I'm running the following code on a list of strings to return a list of its words:
words = [re.split('\\s+', line) for line in lines]
However, I end up getting something like:
[['import', 're', ''], ['', ''], ['def', 'word_count(filename):', ''], ...]
As opposed to the desired:
['import', 're', '', '', '', 'def', 'word_count(filename):', '', ...]
How can I unpack the lists re.split('\\s+', line) produces in the above list comprehension? Naïvely, I tried using * but that doesn't work.
(I'm looking for a simple and Pythonic way of doing; I was tempted to write a function but I'm sure the language accommodates for this issue.)
>>> import re
>>> from itertools import chain
>>> lines = ["hello world", "second line", "third line"]
>>> words = chain(*[re.split(r'\s+', line) for line in lines])

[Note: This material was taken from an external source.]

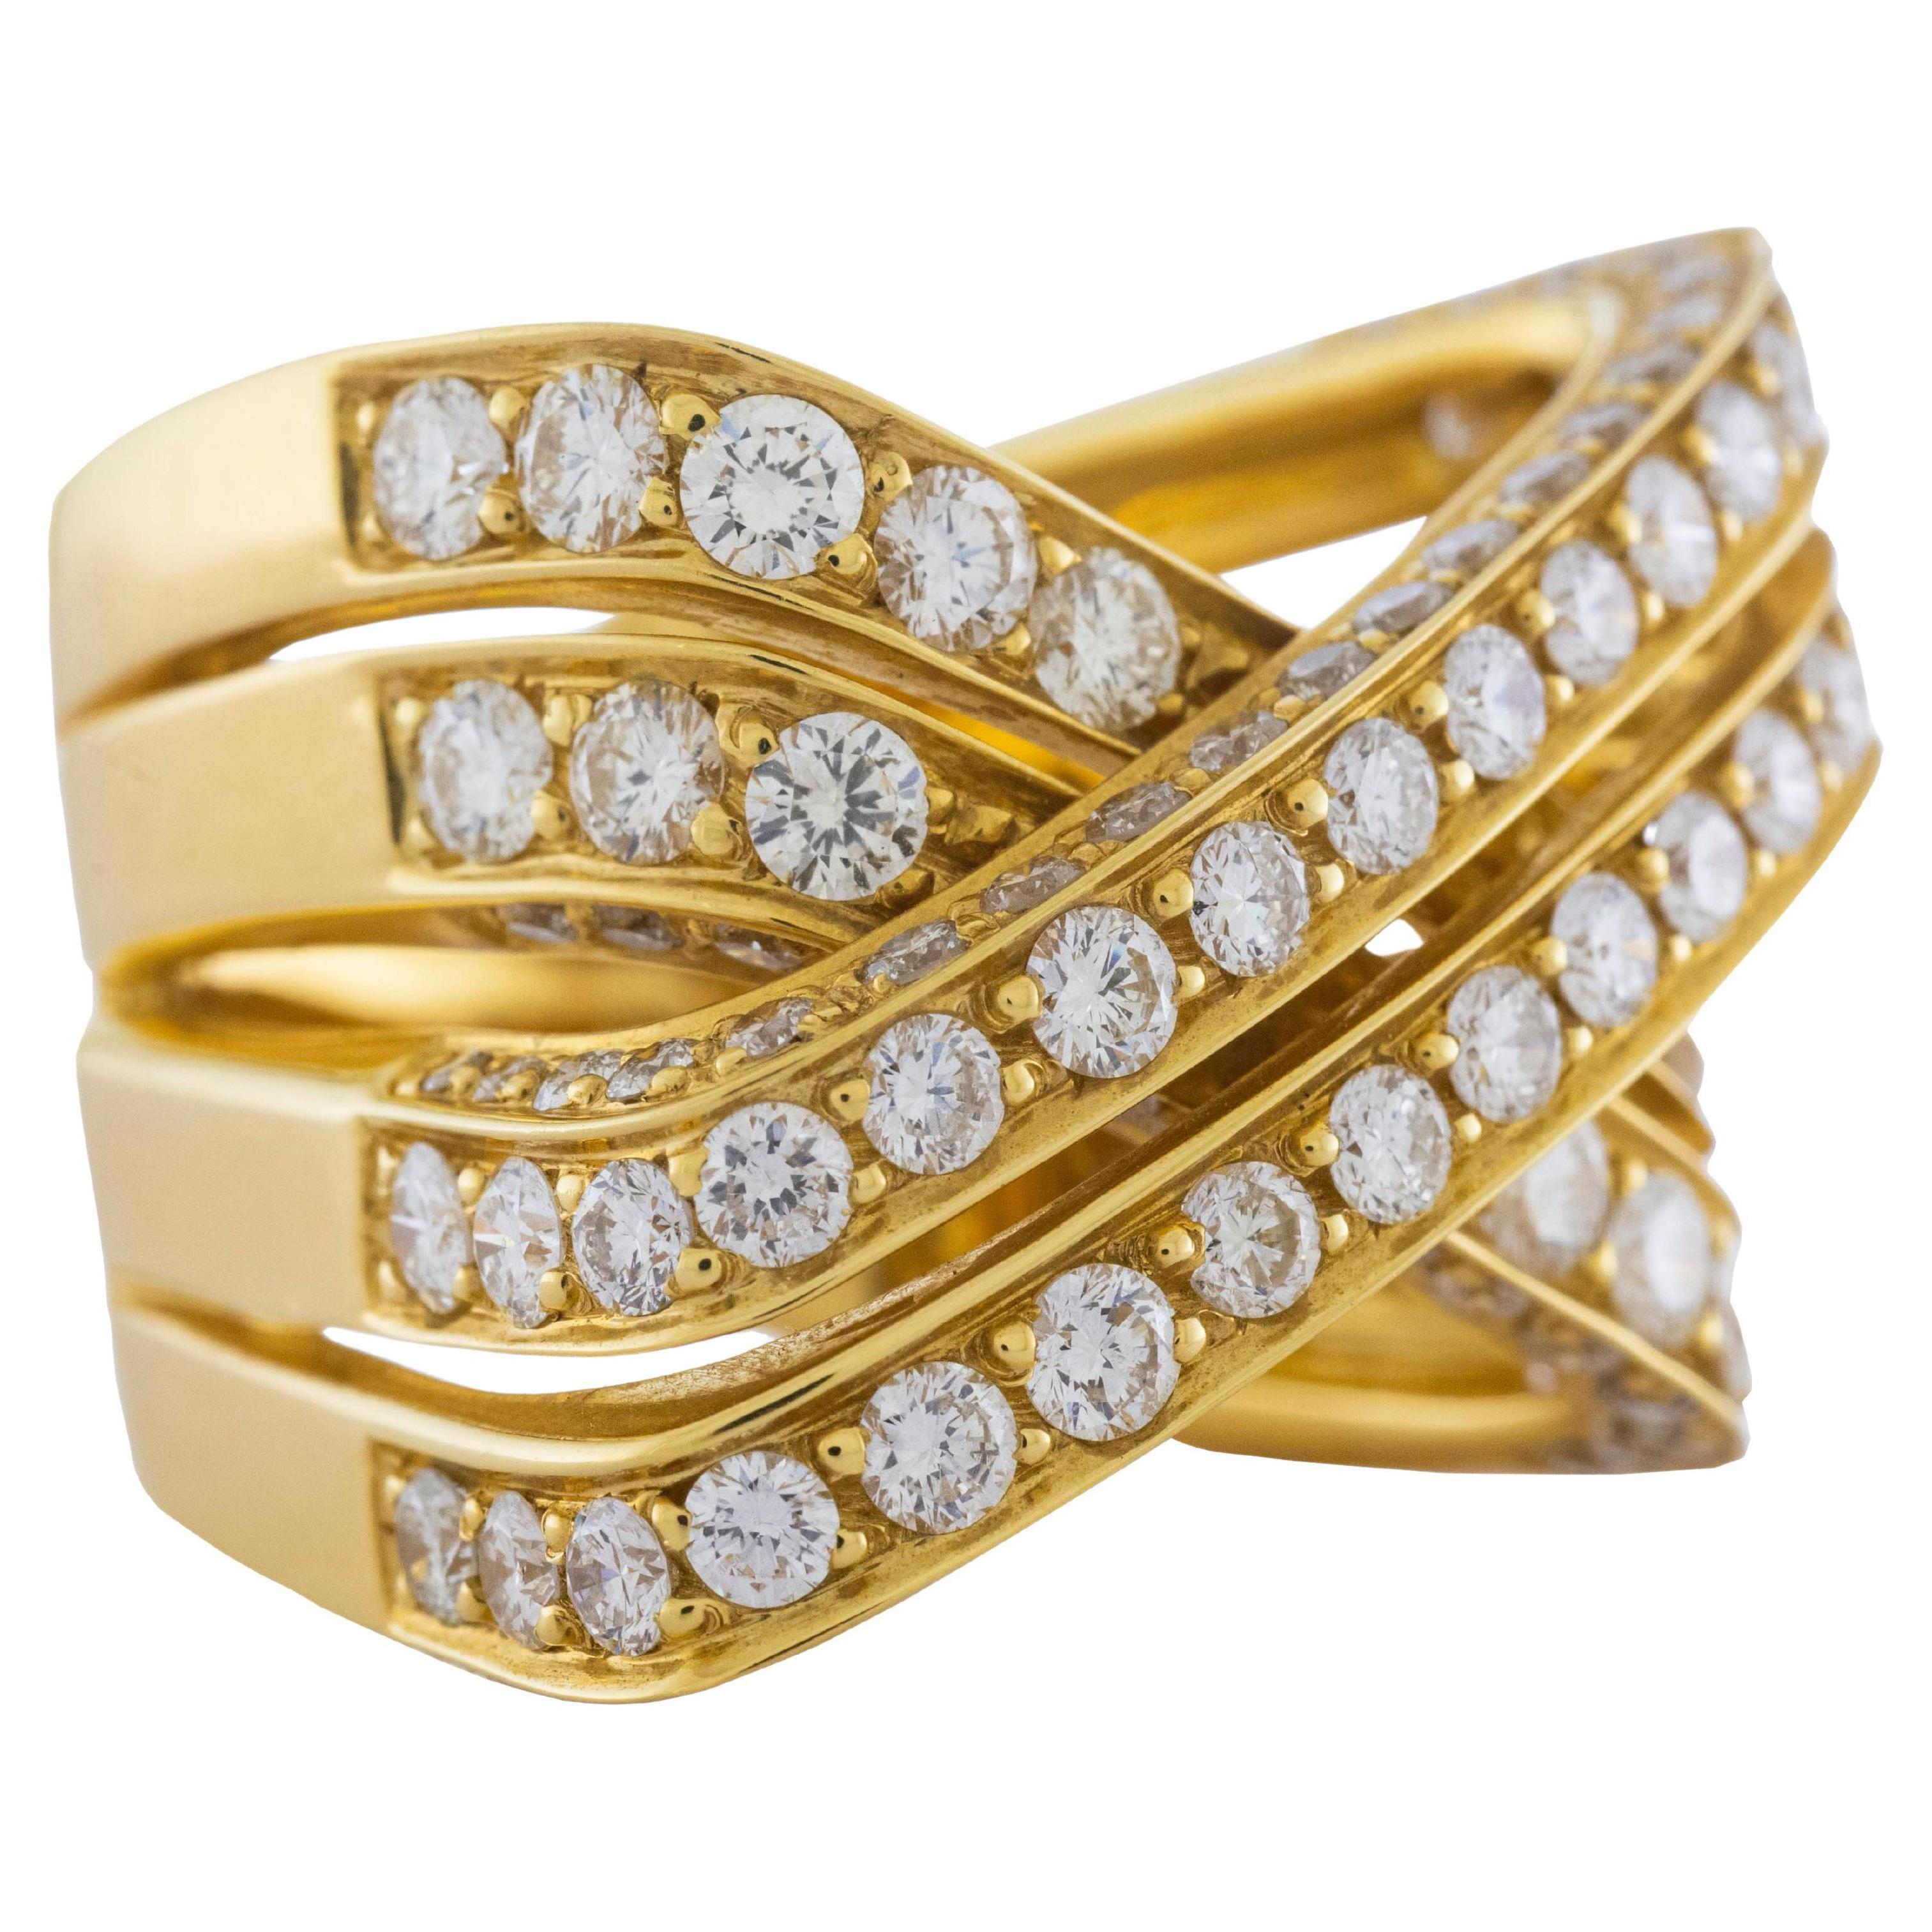 18 Karat Yellow Gold Diamonds Ct 3.89 Knot Ring Cluster Band Cocktail

This will give you an iterator that can be used for looping through all words:
>>> for word in words:
... print(word)
...
hello
world
second
line
third
line
Creating a list instead of an iterator is just a matter of wrapping the iterator in a list call:
>>> words = list(chain(*[re.split(r'\s+', line) for line in lines]))
The reason why you get a list of lists is because re.split() returns a list which then in 'appended' to the list comprehension output.
It's unclear why you are using that (or probably just a bad example) but if you can get the full content (all lines) as a string you can just do
words = re.split(r'\s+', lines)
if lines is the product of:
open('filename').readlines()
use
open('filename').read()
instead.
You can always do this:
words = []
for line in lines:
words.extend(re.split('\\s+',line))
It's not nearly as elegant as a one-liner list comprehension, but it gets the job done.
Just stumbled across this old question, and I think I have a better solution. Normally if you want to nest a list comprehension ("append" each list), you think backwards (un-for-loop-like). This is not what you want:
>>> import re
>>> lines = ["hello world", "second line", "third line"]
>>> [[word for word in re.split(r'\s+', line)] for line in lines]
[['hello', 'world'], ['second', 'line'], ['third', 'line']]
However if you want to "extend" instead of "append" the lists you're generating, just leave out the extra set of square brackets and reverse your for-loops (putting them back in the "right" order).
>>> [word for line in lines for word in re.split(r'\s+', line)]
['hello', 'world', 'second', 'line', 'third', 'line']
This seems like a more Pythonic solution to me since it is based in list-processing logic rather than some random-ass built-in function. Every programmer should know how to do this (especially ones trying to learn Lisp!)